Supplied material:
===============

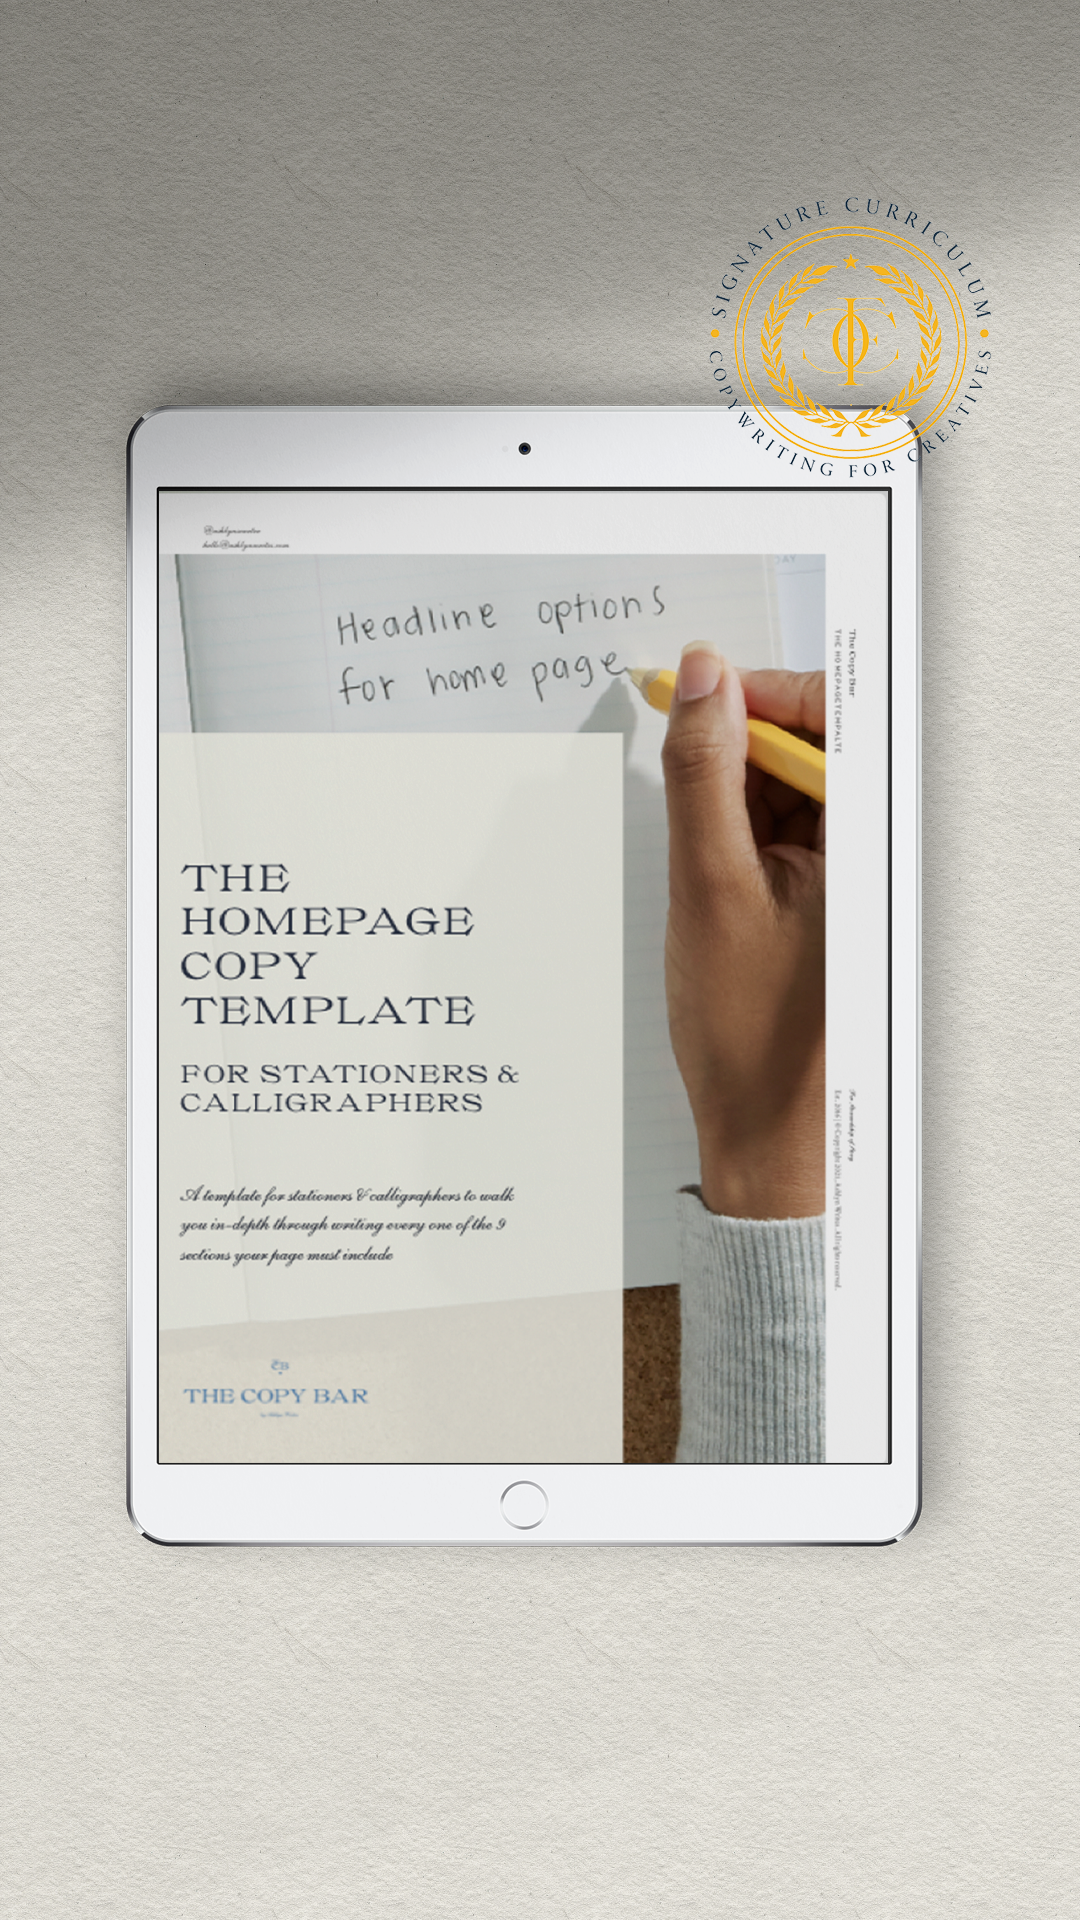 Homepage Copy Template for Stationers & Calligraphers
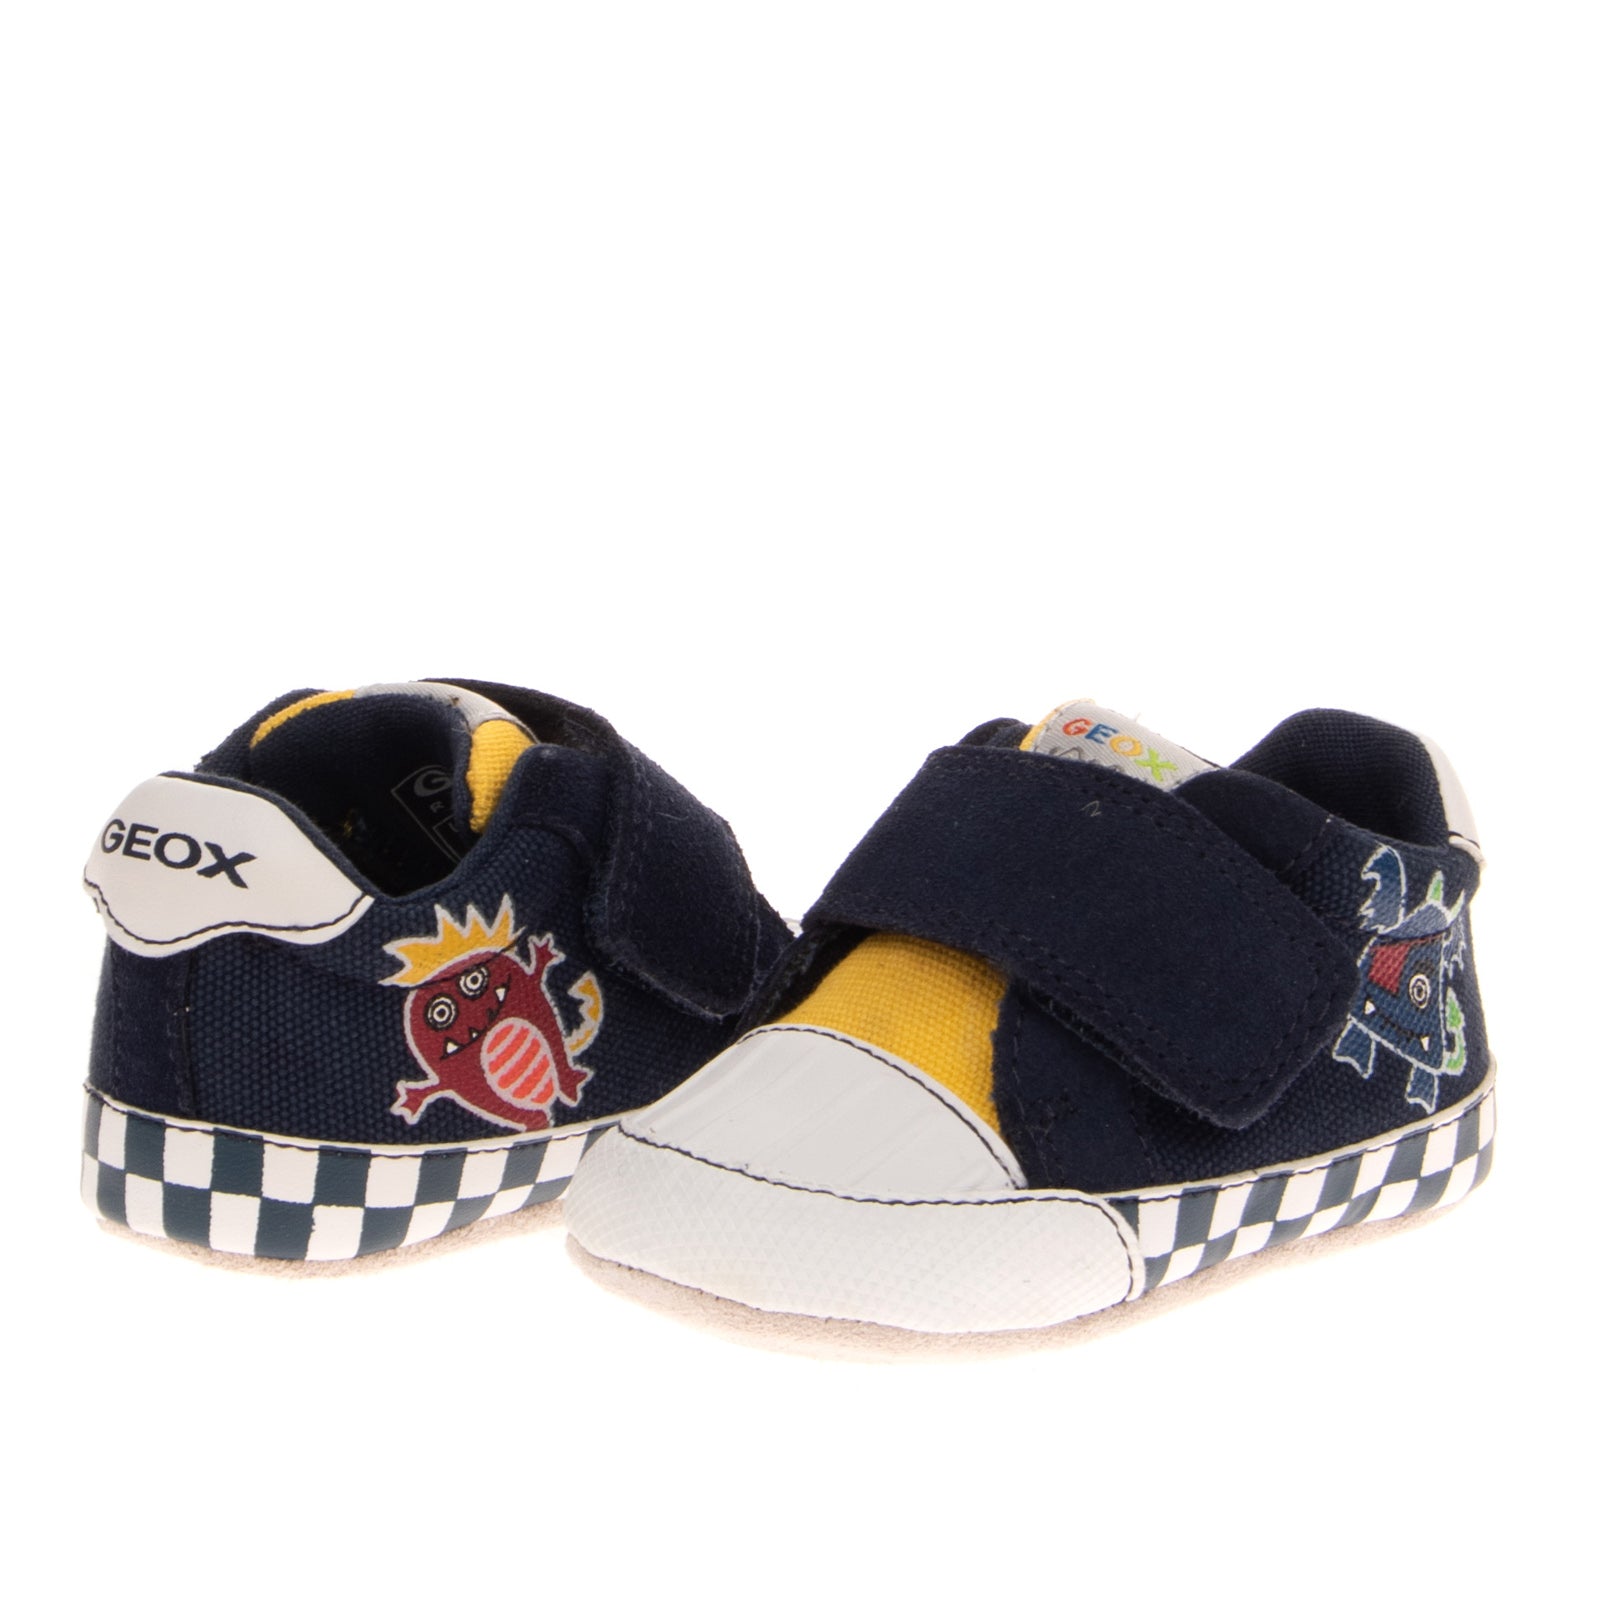 GEOX RESPIRA Baby Canvas & Leather Sneakers EU 20 UK 3.5 US 4.5 Coated Monster gallery main photo
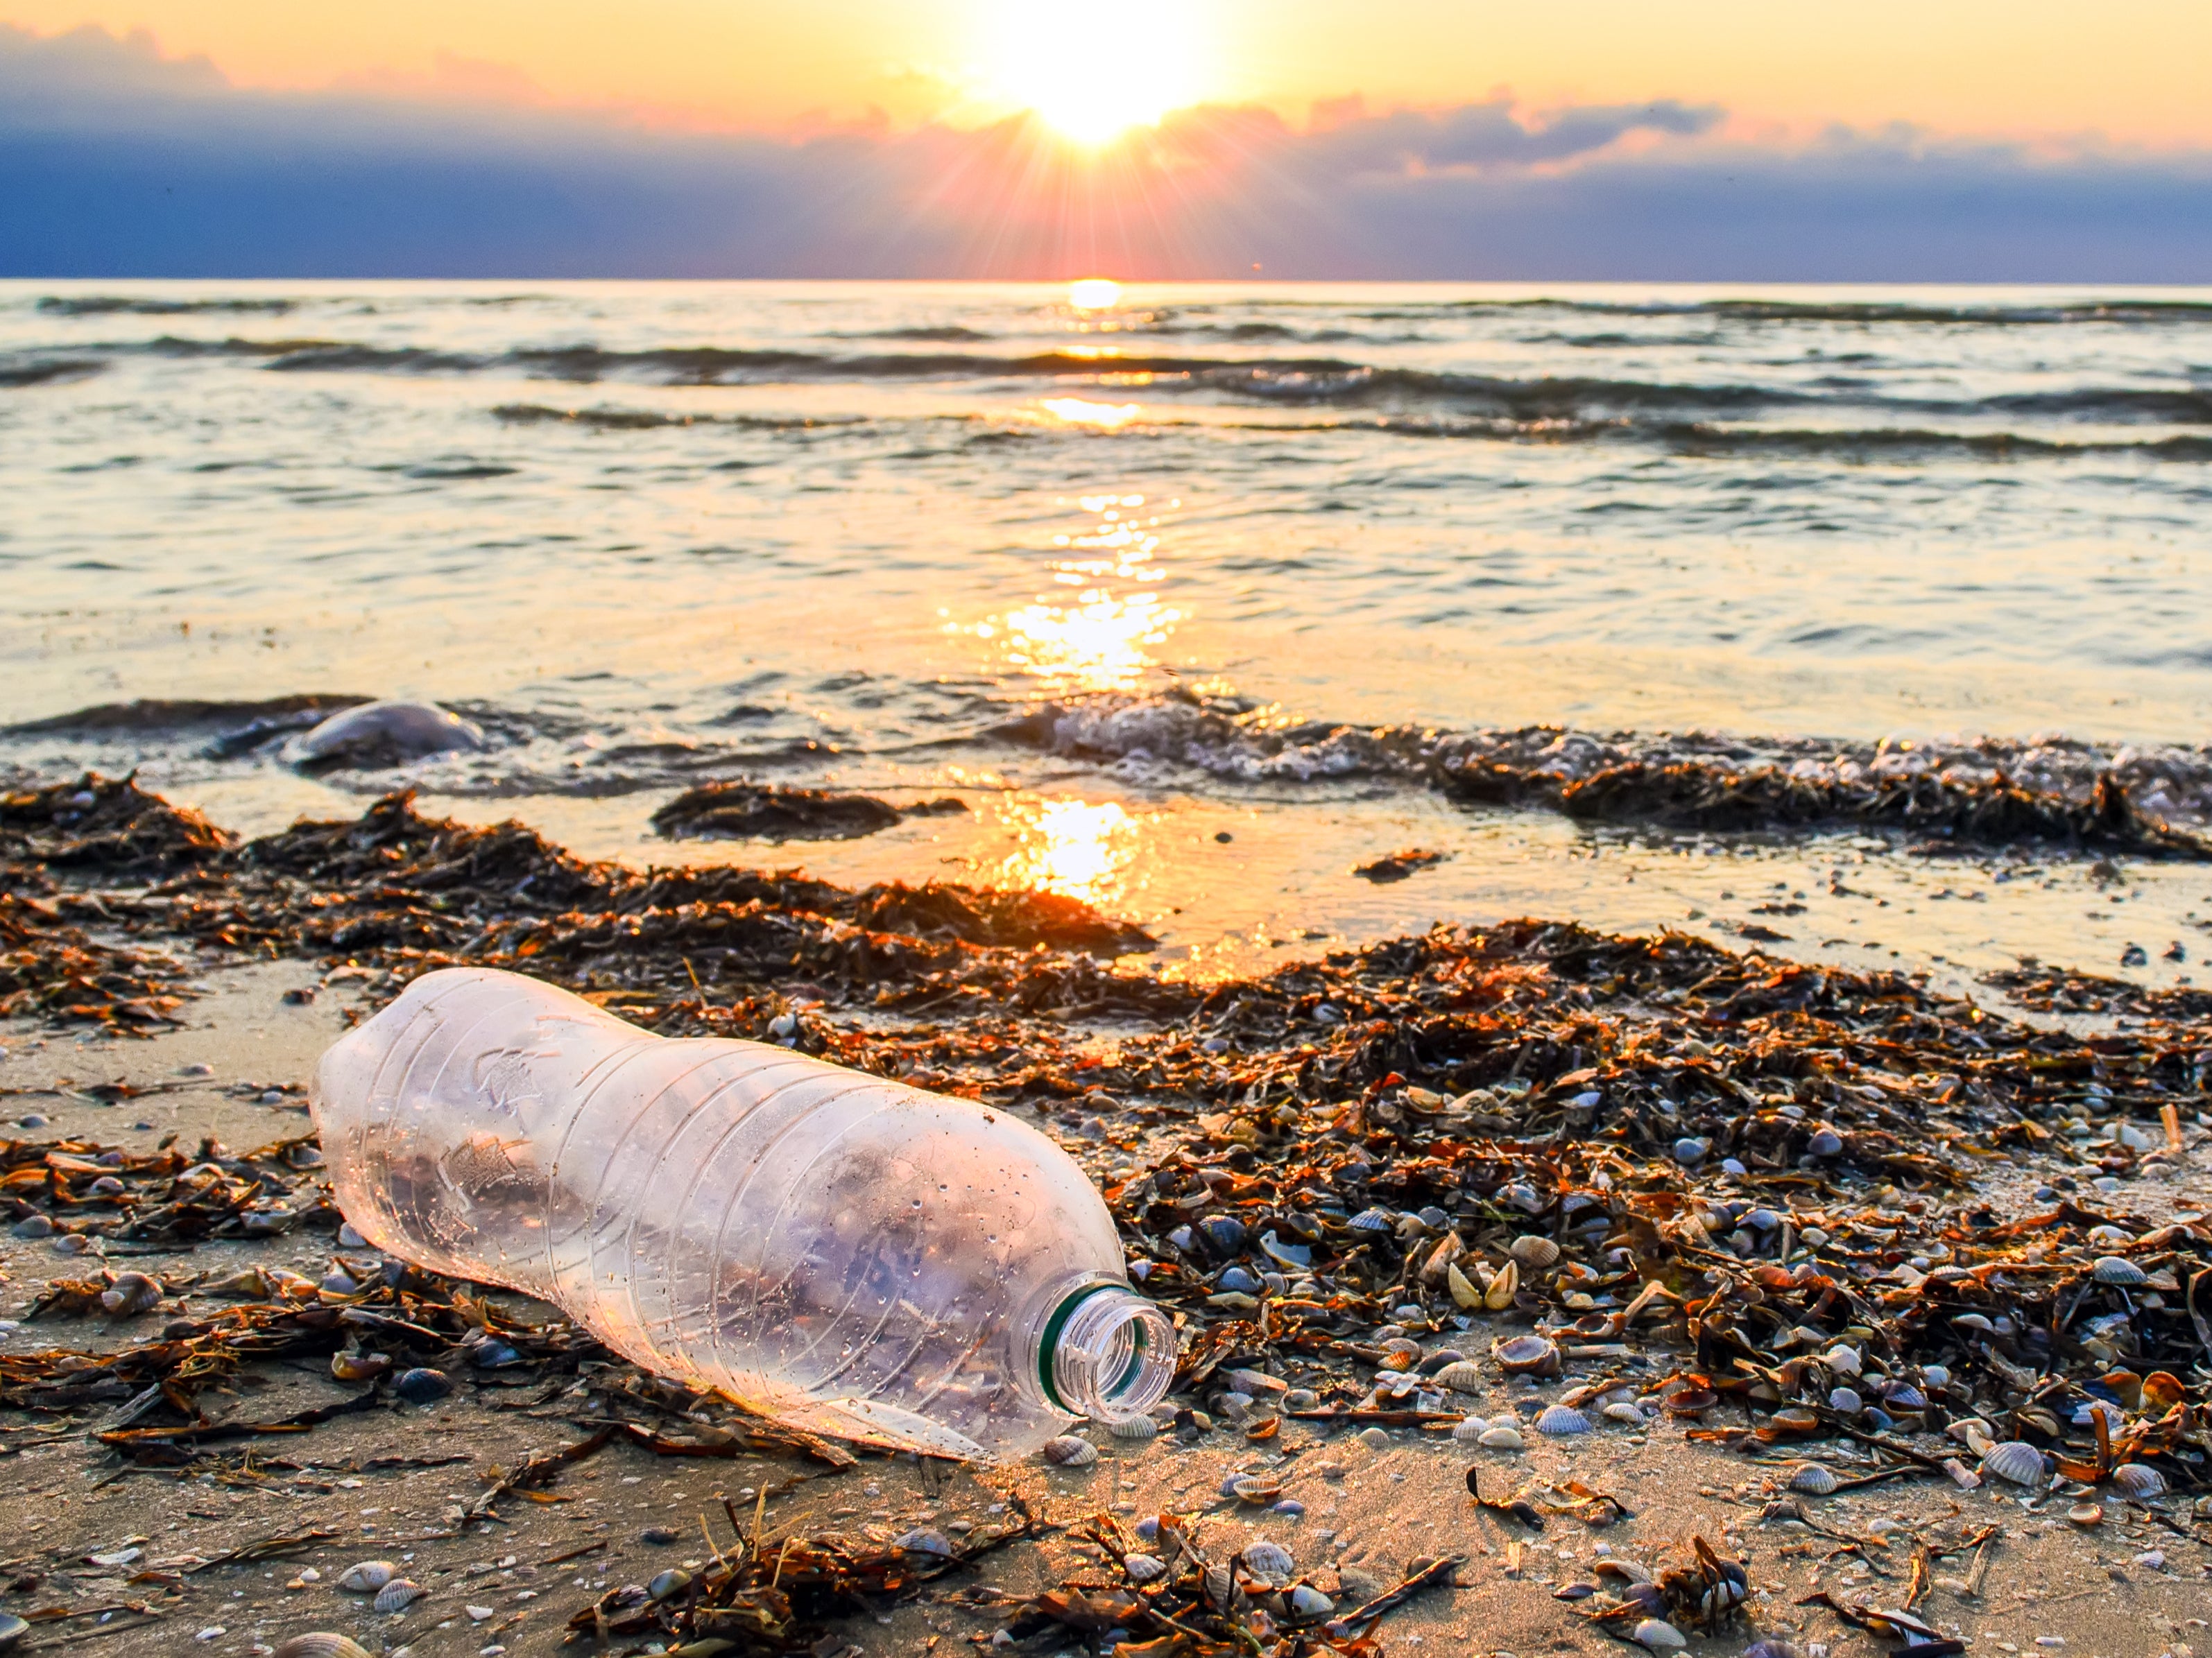 Estimates suggest there is currently 250,000 tonnes of plastic bobbing in open saltwater around the world

===============

What the task requires: A word-for-word repetition of the data above, without pictures, is the expected answer.

Answer:
 Homepage Copy Template for Stationers & Calligraphers
 GEOX RESPIRA Baby Canvas & Leather Sneakers EU 20 UK 3.5 US 4.5 Coated Monster gallery main photo
 Estimates suggest there is currently 250,000 tonnes of plastic bobbing in open saltwater around the world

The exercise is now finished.